It’s finally over.
How do we reflect on the last four years of what has been, inarguably, this nation’s most corrupt, scandalous and shameful presidency? What more can possibly be said of the man who will go down in history for all the wrong reasons?
We don’t know yet what the fallout will be for Donald Trump, his family and all those men and women who supported him, enabled him and lied for him. Much of that will be determined by the new Attorney General, as well as some state attorneys general and local prosecutors.
One thing is undeniable. Donald Trump, who took over for a man nicknamed, “No Drama Obama,” because he ran such a tight ship, has brought us nothing but turmoil. Jeb Bush warned us that Trump would be a chaos president, and more prescient words have never been uttered during a campaign.
Trump’s legacy of disgrace includes more than 400,000 dead Americans as a result of his disastrously incompetent handling of the COVID-19 crisis. It includes an unprecedented two impeachments. It may still include the first Senate conviction of a president in American history. And, most recently, it includes a poorly organized armed insurrection, incited by a cavalcade of lies, against both houses of Congress.
Prevailing wisdom has always maintained that no president could damage the nation all that much in just four years. Donald Trump has disproved that theory. He attacked our cherished institutions, and he destroyed our faith and trust in journalists, whose presence is required for a democracy to properly function. What remains to be seen is if Joe Biden, Kamala Harris and a Democratic-run Congress can repair the wreckage.
Donald Trump clearly never wanted to do the job of president. He just wanted to be the president. He wanted the title. He wanted the attention. He wanted the media exposure. He wanted the pomp and circumstance of it all. But he didn’t want to do any of the hard work.
That’s all well and good if you are going to hire competent people, and let them handle the important business of running the federal government. But that’s not what Trump did. Trump governed in the same manner in which he unsuccessfully ran his businesses. He brought in his woefully unqualified family and a slew of obsequious sycophants tasked with telling the emperor how much they enjoyed his shiny new clothes.
The president scoffed at our nation’s norms, big and small. Susan Collins famously said that Trump “learned his lesson,” after being acquitted in his first Senate impeachment trial, but the lesson he actually learned was that rules did not apply to him. In that regard, government life was pretty similar to everything Trump experienced in his business life and private life.
Republicans could have put a stop to this. In the beginning, some showed backbone. Collins, Lisa Murkowski and John McCain saved millions of Americans’ healthcare during Trump’s first year. But, gradually, the dissenters disappeared. McCain died, Jeff Flake didn’t run for reelection and Collins and Murkowski buckled.

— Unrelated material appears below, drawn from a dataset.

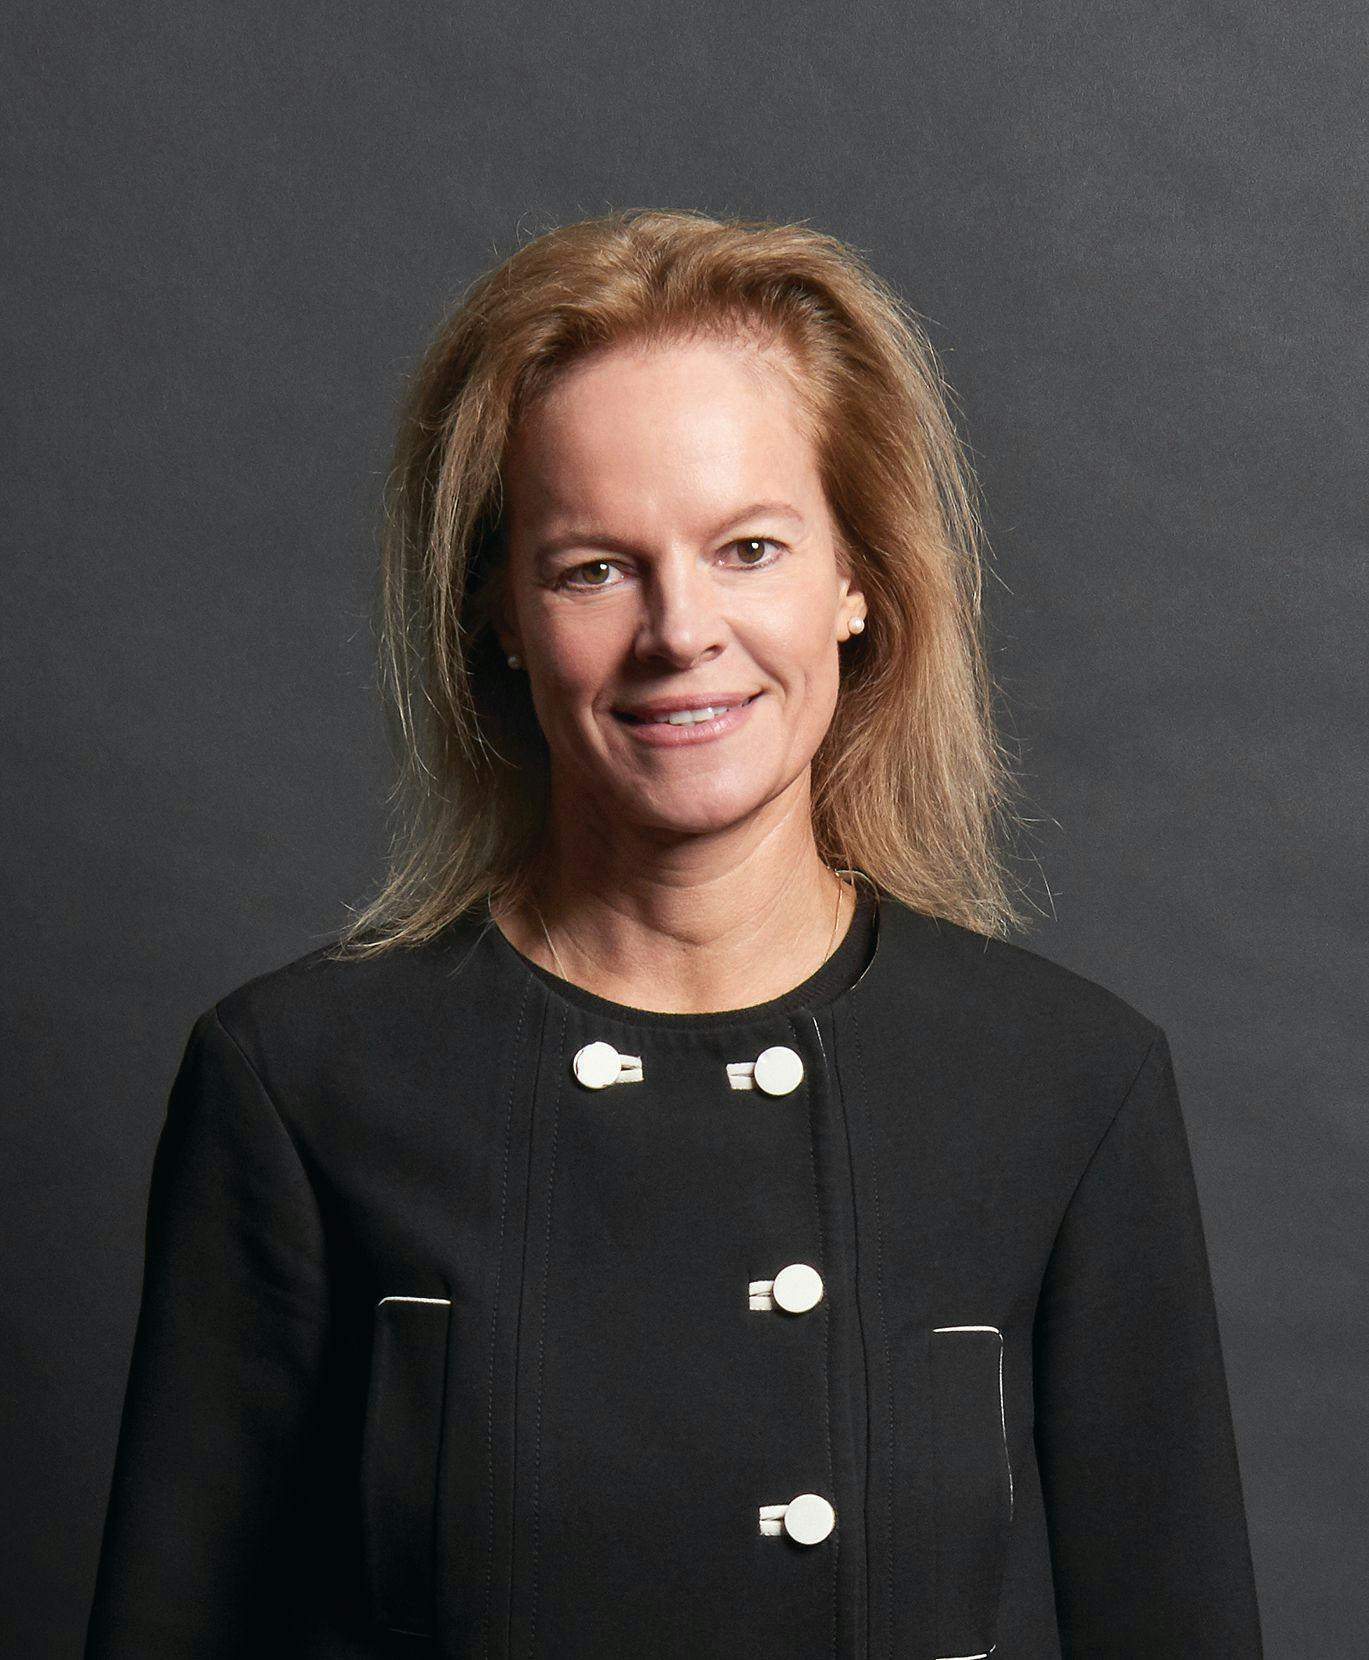 Samantha Cheetham – SDI CEO and Managing Director

For three years, through Trump’s repeated self-inflicted debacles, Americans shuttered at the thought of a real crisis gripping the nation. Then, it happened, one after another. A viral pandemic, economic collapse and civil unrest all struck the nation simultaneously, and Trump proved himself incapable of managing any of it.

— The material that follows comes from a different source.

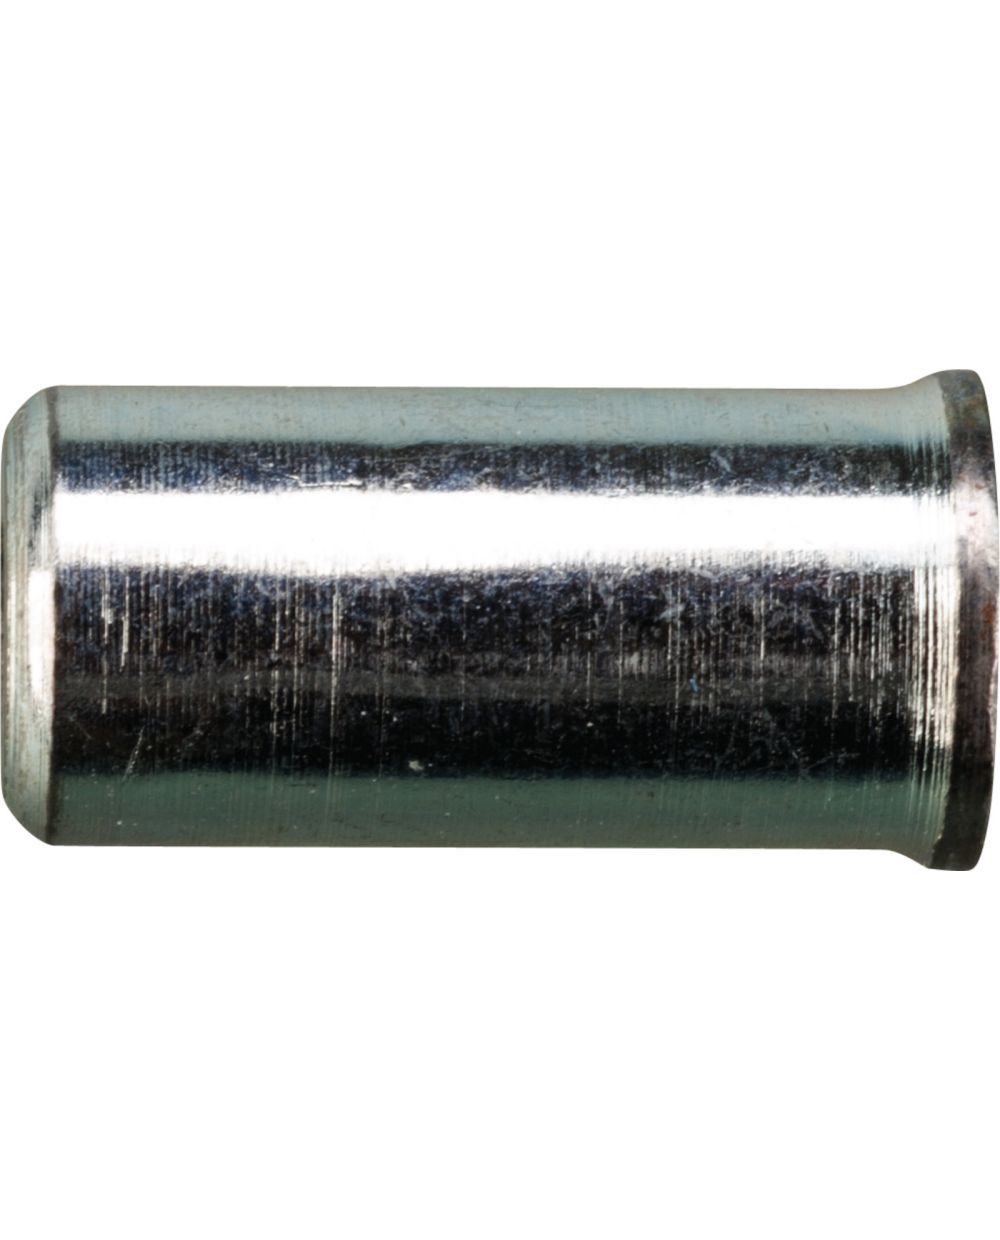 Schraubnippel (Durchmesser 5mm, 7mm Breite) für Gaszug-Reparatur bzw.  Längenfindung für Lötnippel, für Innen-Seelen mit 1.25-1.75mm Durchmesser

By the final year of his presidency, Republicans’ blind fealty to Trump cost countless Americans their lives. Their politicization of mask-wearing, their insistence on prematurely reopening society, their encouragement of family gatherings for Thanksgiving and Christmas; all of it led to unnecessary and ongoing death and suffering.

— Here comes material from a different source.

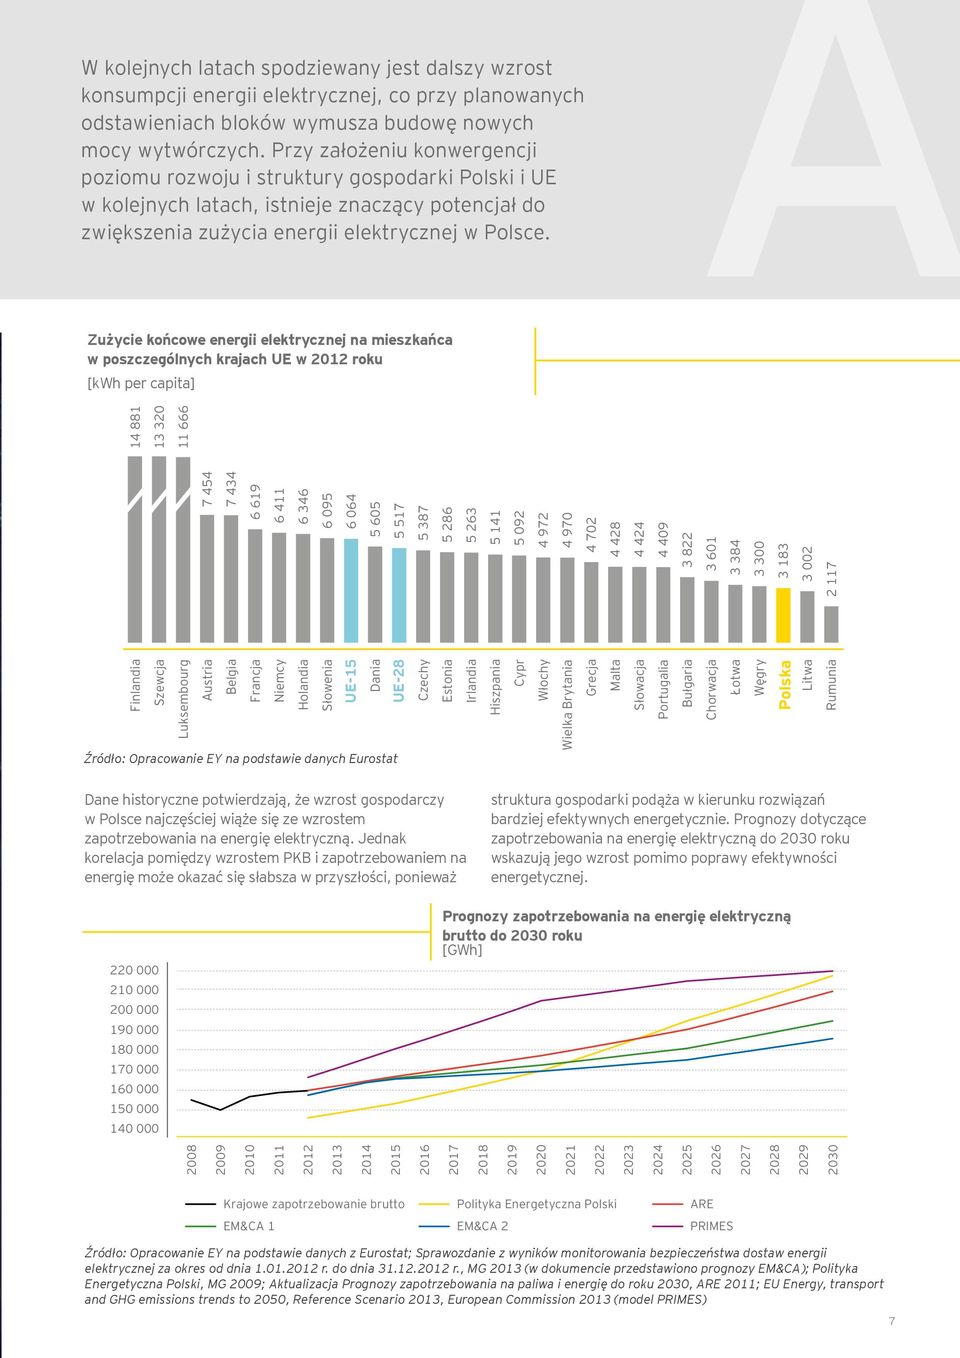 A Zużycie końcowe energii elektrycznej na mieszkańca w poszczególnych krajach UE w 2012 roku [kwh per capita] 7 454 7 434 6 619 6 411 6 346 6 095 6 064 5 605 5 517 5 387 5 286 5 263 5 141 5 092 4 972

Then there was the lying. So much lying. Non-stop lying. All culminating with the final, “Big Lie,” that Donald Trump somehow actually won the election, even though every reputable polling company in America correctly indicated beforehand that he would be a decisive loser.
As a result, thousands of self-proclaimed, “patriots,” stormed the United States Capitol in an act of open rebellion to try and reverse the result of a free-and-fair election and prevent a peaceful transfer of power, murdering a police officer in the process. With this failed coup attempt, Donald Trump became the first leader in U.S. history to attempt an overthrow of the federal government.
Four years ago, Donald Trump took over a healthy country with a high-flying economy. As he leaves office, our hospitals are overrun with the sick, millions are unemployed and food lines in major cities have hours-long waits. Meanwhile, the nation’s capital is under what is essentially a military occupation to protect Joe Biden from Trump’s irate and terribly misinformed supporters.
History will be the final judge of Donald Trump’s dark presidency, but there won’t be much debate.
His place at the bottom has been cemented.